Passionately Waiting for the IBM Watson Digital Assistant

    Most of the digital assistants that are currently in the market suck, just to different degrees. The Amazon Echo, with Alexa, isn’t bad, but it really isn’t that smart and outside of asking about music, weather, and doing some IoT stuff, it really isn’t much of an assistant (it does help with personal shopping). The Google Home is smarter, but you have to launch it with the annoying phrase “OK Google,” and it is far more limited with regard to IoT control and shopping. The Apple HomePod is a bad joke, but a great speaker. Siri is by far the weakest assistant and she is also the oldest. Up until recently, Tim Cook didn’t seem to care about Siri at all. And none of these things are designed for business, where the loss of secretaries and executive assistants has left huge gaps that digital assistants, the right kind of digital assistants, could fill.

    Well, at Think 2018, IBM CEO Ginni Rometty spoke about the IBM Watson Digital Assistant, and this has the potential to be as far above the others as the Boston Robotics dog is above the original Sony Aibo. (I should point out that the new Aibo is actually pretty impressive but the Boston Robotics stuff crosses over into frightening.)

    Let’s talk about the IBM Watson Digital Assistant.

    Watson Digital Assistant Near Term

    I’ve been following IBM Watson for some time and, this week, I met with one of IBM’s partners on Watson, Darwin Ecosystem, which got me thinking about this Watson Assistant again. Darwin does personality analytics, which is used at scale to assure that employees don’t burn out and are placed in jobs where they can be successful.

    Imagine being able to ask your digital assistant which employees desperately needed help, or which ones are outperforming their peers. Then imagine getting answers that would help you provide that needed help in a timely manner and replicate the successful behaviors through coaching with your other employees.

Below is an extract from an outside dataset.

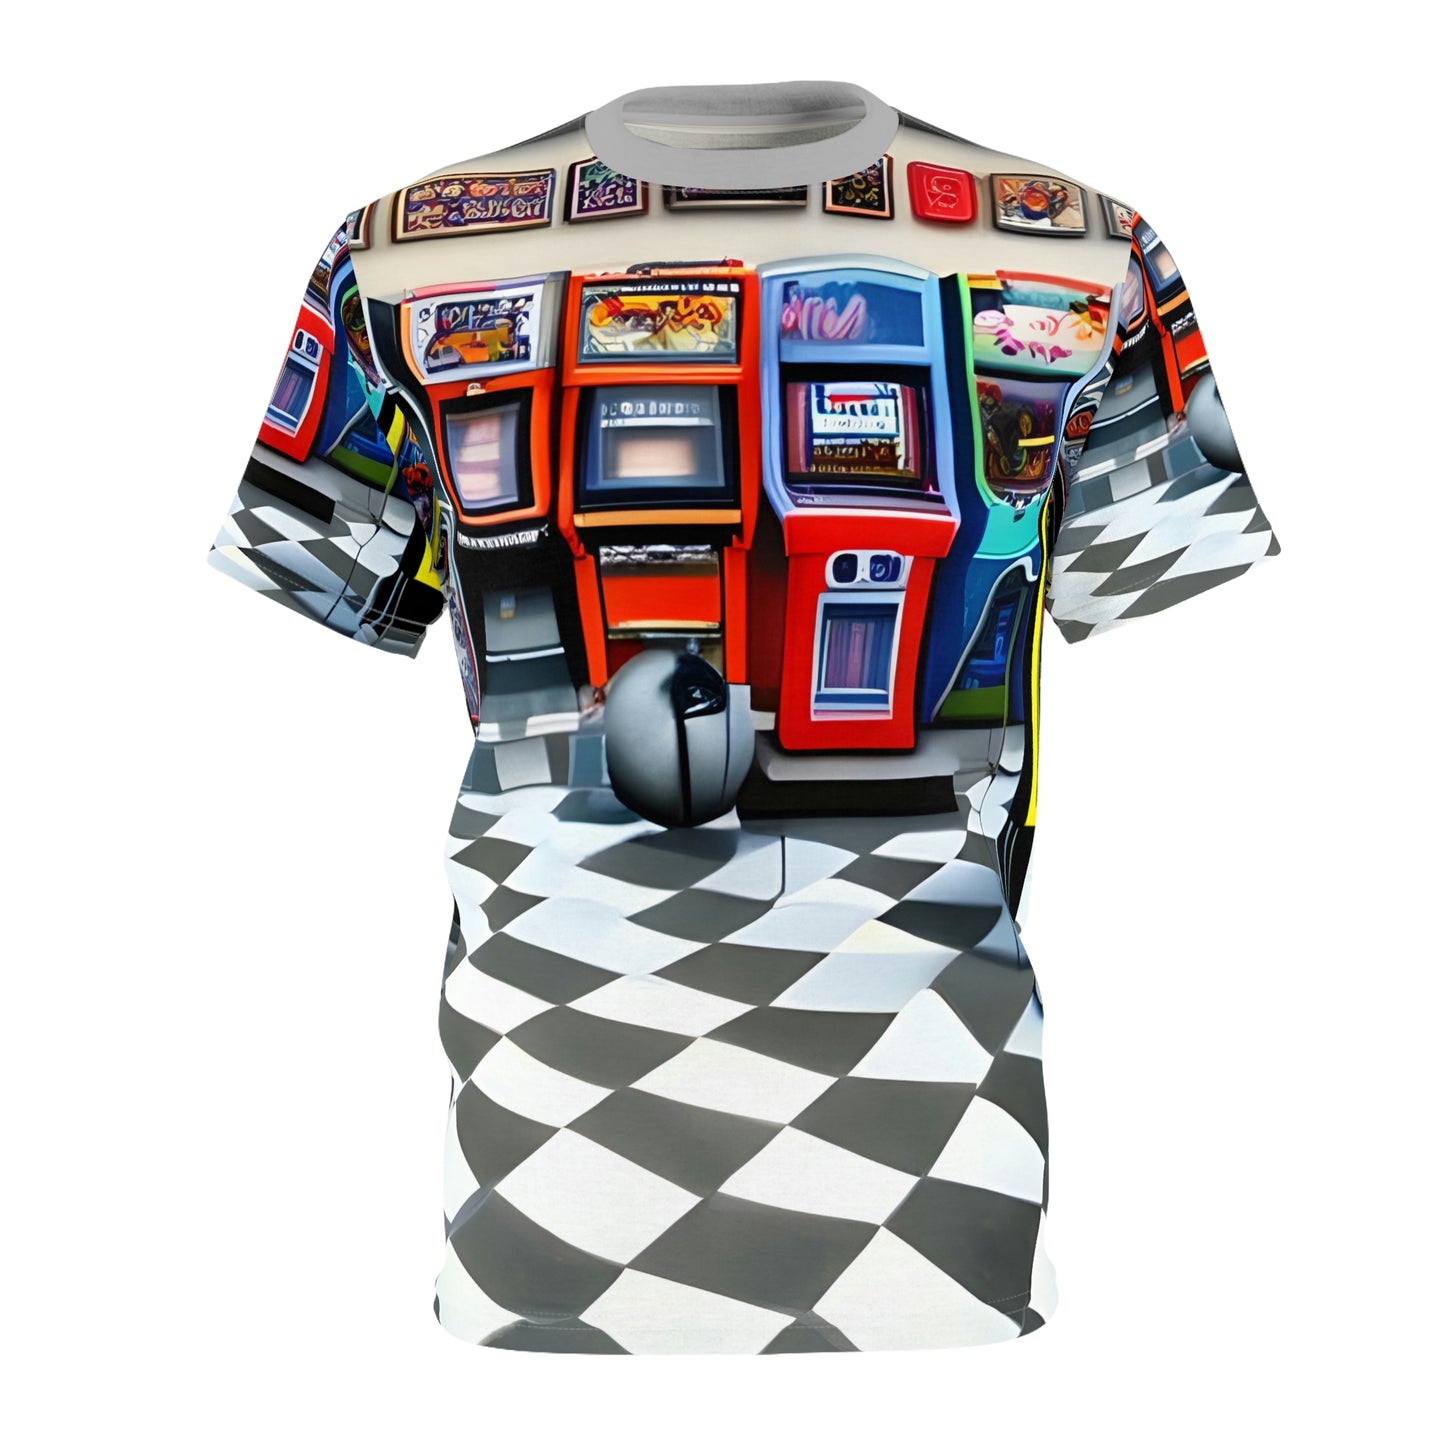 Gamer's Arcade Unisex T-Shirt
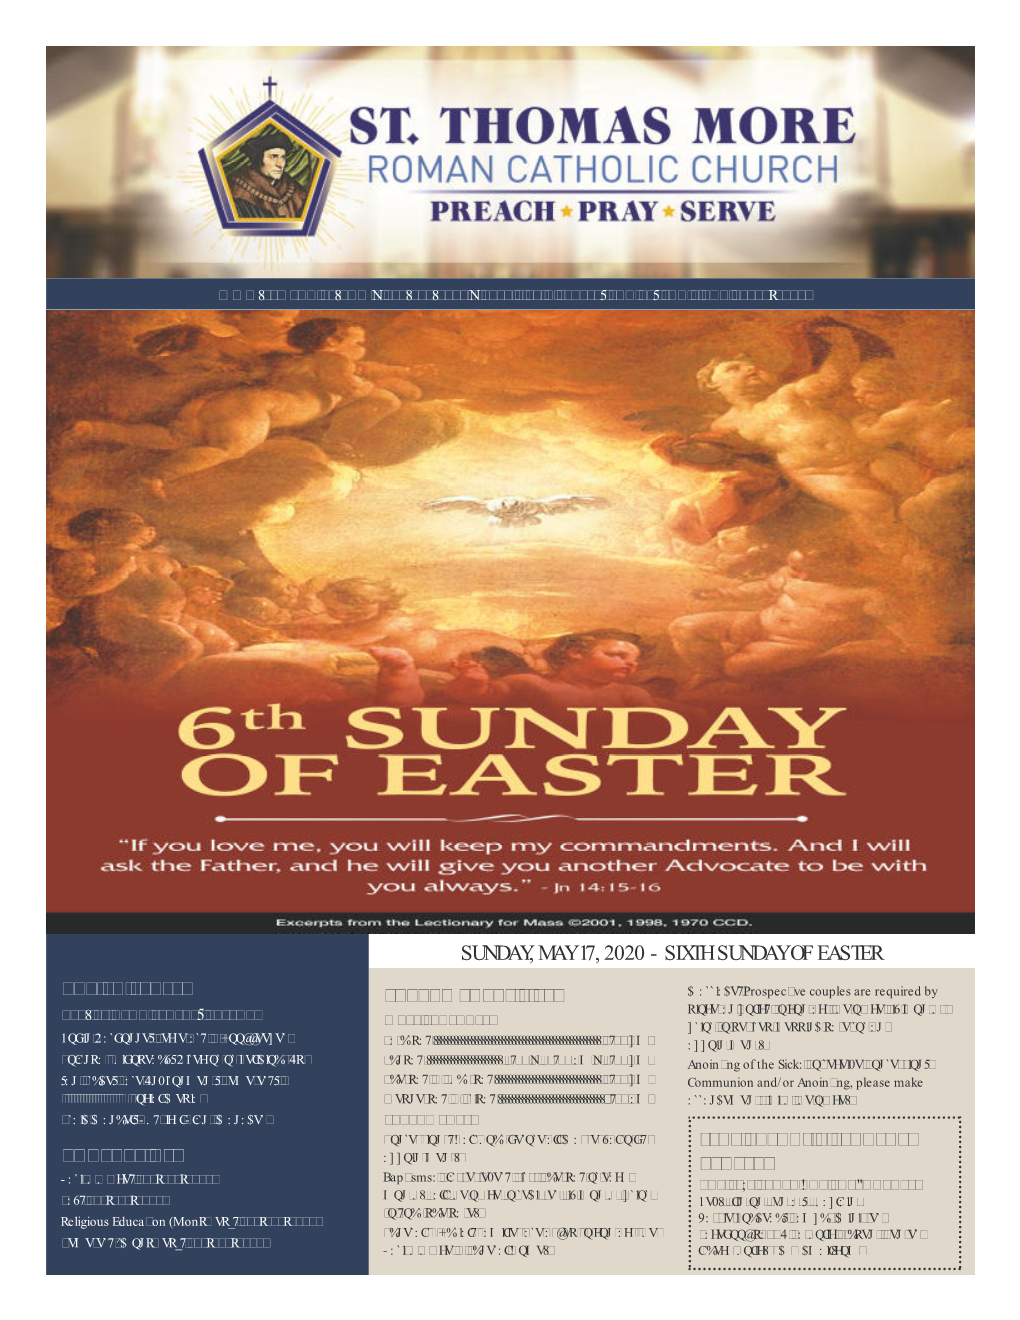 Sunday, May 17, 2020 - Sixth Sunday of Easter

    This is just one of the massive number of skills Watson has been developing that could then be applied to make employees and their managers more effective. Another area that could cross from business, to health care, to homes is Watson’s now massive medical knowledge.

    One of the most impressive Watson demonstrations I’ve seen, and this was years back, was a doctor replicating analysis that had taken him three years to properly treat a woman who was suffering. Watson took something like 15 minutes to come to the same conclusions from the symptoms he started with. With a simple camera and a set of questions, a Watson Assistant could help direct you or your doctor through massive amounts of medical data to provide diagnostic choices that would help you, your patient, employee, or customer feel and get better.

    This same type of in-depth diagnostic data coming from the auto industry could help fix your car more quickly, or guide you into fixing it yourself, and tied to head-mounted AR computers could guide you through technical equipment, aircraft, or structural repairs or assembly.

    Wrapping Up: Into the Future

    But let’s expend from what is currently possible with this assistant to what it could evolve into. As I write this, I’m listening to the Star Trek medley from the Danish National Symphony Orchestra, but given that the Watson Assistant should be able to measure my moods, imagine that it could choose music for me, intuitively selecting music that would improve my mood and help me focus. But that too is a relatively near-term possibility. Let’s go out further, into around 2025.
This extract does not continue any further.